The data.
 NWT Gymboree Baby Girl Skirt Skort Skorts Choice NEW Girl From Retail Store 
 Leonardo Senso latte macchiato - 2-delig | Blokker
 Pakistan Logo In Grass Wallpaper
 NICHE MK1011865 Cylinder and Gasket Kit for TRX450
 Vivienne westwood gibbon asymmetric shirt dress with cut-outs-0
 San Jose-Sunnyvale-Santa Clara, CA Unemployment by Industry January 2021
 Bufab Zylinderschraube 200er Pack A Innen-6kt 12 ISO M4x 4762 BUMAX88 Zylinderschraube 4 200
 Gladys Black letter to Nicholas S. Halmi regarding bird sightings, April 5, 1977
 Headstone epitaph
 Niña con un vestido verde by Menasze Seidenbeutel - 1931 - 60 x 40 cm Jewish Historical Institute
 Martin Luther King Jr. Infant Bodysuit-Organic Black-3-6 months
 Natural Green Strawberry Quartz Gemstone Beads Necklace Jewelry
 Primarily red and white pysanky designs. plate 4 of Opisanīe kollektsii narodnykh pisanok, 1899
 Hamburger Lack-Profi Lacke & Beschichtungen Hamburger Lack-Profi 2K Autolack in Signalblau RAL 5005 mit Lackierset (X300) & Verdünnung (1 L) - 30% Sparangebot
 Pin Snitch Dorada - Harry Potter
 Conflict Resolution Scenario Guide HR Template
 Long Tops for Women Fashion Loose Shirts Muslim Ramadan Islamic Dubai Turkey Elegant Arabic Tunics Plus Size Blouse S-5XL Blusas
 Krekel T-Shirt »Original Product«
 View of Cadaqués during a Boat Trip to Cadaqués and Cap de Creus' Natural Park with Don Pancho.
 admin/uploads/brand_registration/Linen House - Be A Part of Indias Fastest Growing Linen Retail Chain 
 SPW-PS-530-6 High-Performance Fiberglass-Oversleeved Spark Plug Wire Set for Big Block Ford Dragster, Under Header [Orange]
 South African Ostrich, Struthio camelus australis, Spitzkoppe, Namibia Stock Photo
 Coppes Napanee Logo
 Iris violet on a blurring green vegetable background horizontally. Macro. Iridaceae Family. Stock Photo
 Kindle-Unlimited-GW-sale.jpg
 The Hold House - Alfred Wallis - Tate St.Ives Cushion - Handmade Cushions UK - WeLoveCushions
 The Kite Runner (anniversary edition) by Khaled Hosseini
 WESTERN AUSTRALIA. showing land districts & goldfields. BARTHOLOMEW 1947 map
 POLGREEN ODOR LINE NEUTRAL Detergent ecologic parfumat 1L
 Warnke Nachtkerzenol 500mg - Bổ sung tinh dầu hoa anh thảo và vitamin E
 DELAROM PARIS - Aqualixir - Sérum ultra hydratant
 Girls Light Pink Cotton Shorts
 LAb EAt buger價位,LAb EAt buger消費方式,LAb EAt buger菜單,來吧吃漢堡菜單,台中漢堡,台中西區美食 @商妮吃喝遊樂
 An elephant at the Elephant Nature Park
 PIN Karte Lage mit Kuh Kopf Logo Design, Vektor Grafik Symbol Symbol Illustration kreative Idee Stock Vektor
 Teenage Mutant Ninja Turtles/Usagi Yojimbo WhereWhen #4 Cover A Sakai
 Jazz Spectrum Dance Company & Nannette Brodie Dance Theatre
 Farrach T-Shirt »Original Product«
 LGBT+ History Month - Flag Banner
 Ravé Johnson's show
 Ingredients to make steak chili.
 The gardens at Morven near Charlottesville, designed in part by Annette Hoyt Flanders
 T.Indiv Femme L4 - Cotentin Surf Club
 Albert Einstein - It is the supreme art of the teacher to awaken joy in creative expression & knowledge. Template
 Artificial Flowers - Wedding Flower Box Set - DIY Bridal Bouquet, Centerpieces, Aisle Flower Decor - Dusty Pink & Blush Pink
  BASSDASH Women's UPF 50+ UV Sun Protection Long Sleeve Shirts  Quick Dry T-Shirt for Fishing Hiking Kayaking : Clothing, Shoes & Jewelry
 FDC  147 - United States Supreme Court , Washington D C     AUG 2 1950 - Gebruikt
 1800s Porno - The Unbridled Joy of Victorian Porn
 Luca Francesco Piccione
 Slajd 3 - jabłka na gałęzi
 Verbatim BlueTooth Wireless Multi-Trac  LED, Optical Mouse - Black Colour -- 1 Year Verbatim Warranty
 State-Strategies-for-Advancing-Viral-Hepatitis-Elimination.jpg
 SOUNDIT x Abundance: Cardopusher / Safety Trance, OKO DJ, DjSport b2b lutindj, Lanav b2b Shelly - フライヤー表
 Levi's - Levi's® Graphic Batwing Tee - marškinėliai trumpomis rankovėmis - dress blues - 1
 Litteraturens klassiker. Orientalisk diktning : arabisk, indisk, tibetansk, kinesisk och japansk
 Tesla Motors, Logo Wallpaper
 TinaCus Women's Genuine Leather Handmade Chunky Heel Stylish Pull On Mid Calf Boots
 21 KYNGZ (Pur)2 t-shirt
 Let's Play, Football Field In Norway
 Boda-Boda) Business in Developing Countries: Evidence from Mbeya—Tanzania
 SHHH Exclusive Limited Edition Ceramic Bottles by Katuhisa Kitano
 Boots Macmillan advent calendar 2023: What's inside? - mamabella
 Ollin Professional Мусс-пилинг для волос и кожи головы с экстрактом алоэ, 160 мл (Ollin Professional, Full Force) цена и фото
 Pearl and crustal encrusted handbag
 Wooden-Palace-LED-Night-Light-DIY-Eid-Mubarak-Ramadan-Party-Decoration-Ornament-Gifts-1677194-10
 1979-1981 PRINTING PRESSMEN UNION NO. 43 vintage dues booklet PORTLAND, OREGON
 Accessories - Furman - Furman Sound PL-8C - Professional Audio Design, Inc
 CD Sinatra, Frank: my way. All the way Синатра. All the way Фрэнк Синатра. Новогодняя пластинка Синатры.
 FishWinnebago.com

Task to carry out.
Start at the first line of the entries and stop at the line with "Primarily red and". Retype each of those lines exactly, both ends included.

Completed task.
 NWT Gymboree Baby Girl Skirt Skort Skorts Choice NEW Girl From Retail Store 
 Leonardo Senso latte macchiato - 2-delig | Blokker
 Pakistan Logo In Grass Wallpaper
 NICHE MK1011865 Cylinder and Gasket Kit for TRX450
 Vivienne westwood gibbon asymmetric shirt dress with cut-outs-0
 San Jose-Sunnyvale-Santa Clara, CA Unemployment by Industry January 2021
 Bufab Zylinderschraube 200er Pack A Innen-6kt 12 ISO M4x 4762 BUMAX88 Zylinderschraube 4 200
 Gladys Black letter to Nicholas S. Halmi regarding bird sightings, April 5, 1977
 Headstone epitaph
 Niña con un vestido verde by Menasze Seidenbeutel - 1931 - 60 x 40 cm Jewish Historical Institute
 Martin Luther King Jr. Infant Bodysuit-Organic Black-3-6 months
 Natural Green Strawberry Quartz Gemstone Beads Necklace Jewelry
 Primarily red and white pysanky designs. plate 4 of Opisanīe kollektsii narodnykh pisanok, 1899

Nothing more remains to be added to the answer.